Keywords: myofibroblast, TGF-β, adrenomedullin, PKA, fibrosis
idiopathic pulmonary fibrosis (IPF) is a progressive, fatal disease characterized by parenchymal fibrosis and structural distortion of the lungs. Age-adjusted mortality due to pulmonary fibrosis is increasing (45), and it poses a vexing clinical challenge given the lack of proven efficacious therapy. IPF is thought to be a disorder of abnormal wound healing (18, 64), in which the initial trigger to the fibrotic response is injury to the alveolar epithelial cell, followed by an exuberant, non-resolving, wound-healing response (43, 51, 58). Injury of alveolar epithelial cells is thought to result in the elaboration of a fibrinous provisional matrix and the activation of several pro-inflammatory, pro-coagulant, and pro-fibrotic mediators, of which transforming growth factor-β1 (TGF-β1) is the most established (1, 25, 53). Fibroblasts, under stimulation of TGF-β1, respond by altering their gene expression profile with de novo expression of cytoskeletal and contractile proteins normally found within smooth muscle cells, modified focal adhesion complexes (20), and components of the extracellular matrix (30, 46, 60).
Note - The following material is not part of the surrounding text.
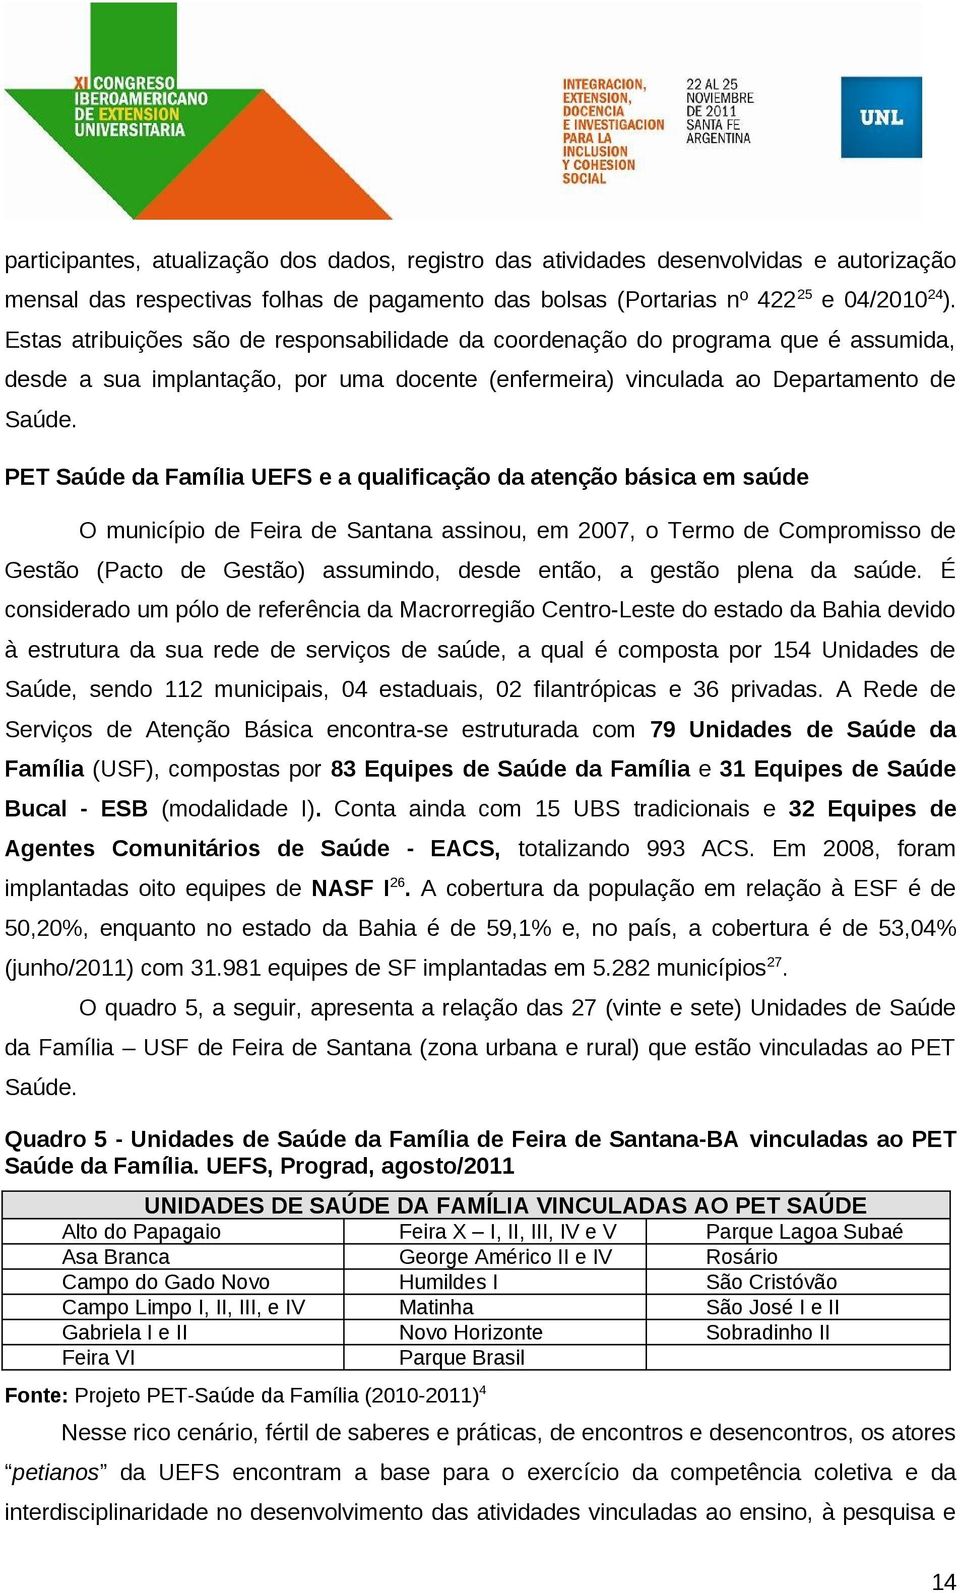 PET Saúde da Família UEFS e a qualificação da atenção básica em saúde O município de Feira de Santana assinou, em 2007, o Termo de Compromisso de Gestão (Pacto de Gestão) assumindo, desde então, a

These smooth muscle (SM)-like fibroblasts are called myofibroblasts and display a phenotype that is in an intermediate state between fibroblasts and smooth muscle cells (7, 21, 48). Several cytoskeletal and SM proteins are expressed in myofibroblasts, including SM α-actin (SMA), the most established marker for myofibroblast differentiation (12, 21, 47, 60). Functionally, this phenotypic switch is thought to increase the ability of the myofibroblasts to attach to the remodeling matrix and facilitate wound contraction, an important role of the myofibroblast. Additionally, induction of myofibroblast phenotype is also associated with secretion of extracellular matrix proteins (collagen isoforms, cellular fibronectin, etc.) and of pro-fibrotic factors [connective tissue growth factor (CTGF), insulin-like growth factor (IGF-1) etc. (30, 31)], thus perpetuating the ongoing tissue remodeling and fibrosis. Myofibroblasts are invariably found in histological sections of human lung specimens from patients with pulmonary fibrosis and are thought to be a critical pathogenic mechanism responsible for the progressive nature of IPF. Therefore, disrupting cellular mechanisms that induce and maintain the myofibroblast phenotype may be a potential strategy to attenuate the ongoing fibrotic response in pulmonary fibrosis.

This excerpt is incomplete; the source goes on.